GECKO icon indicating copy to clipboard operation
GECKO copied to clipboard

refactor: update general kcat database

Open edkerk opened this issue 3 years ago • 6 comments
trafficstars

Description of the new feature:

By repurposing some of the DLKcat code, construct a JSON file similar as in DLKcat. This JSON contains kcat values from BRENDA and SABIO-RK databases, and could be run every 6-12 months.

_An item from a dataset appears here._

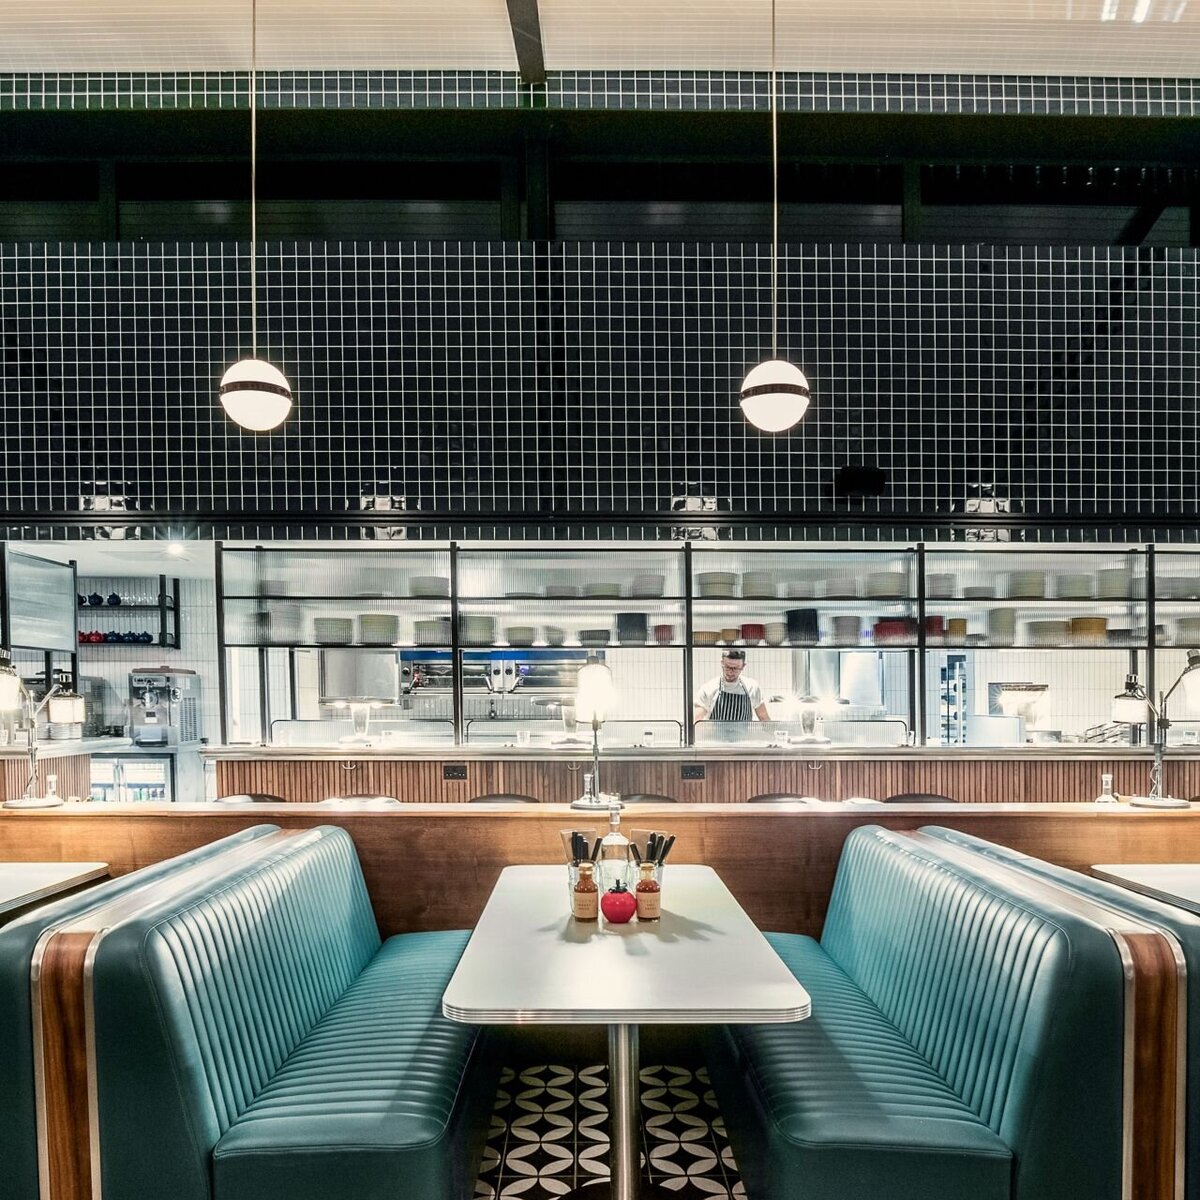 Diner Restaurant Booths with channel tufted leather benches, dining table with laminate tops and metal base. Black tiled walls and globe pendant lights in the background

In contrast to the current DLKcat code, some filtering steps should be skipped, to (a) keep specific activities; (b) keep cases where no amino acid sequence could be assigned to. By doing so, this kcat database can be used in GECKO's fuzzy matching approach. The file thereby replaces the max_Kcat and max_SA files that GECKO currently uses.

This JSON file should be loaded into MATLAB, to be used in GECKO fuzzy matching (which is refactored in a separate Issue).

However, if the purpose of this file is only used for GECKO's fuzzy matching, then we might as well stick with the existing max_Kcat and max_SA files? Let's keep this Issue on hold for now.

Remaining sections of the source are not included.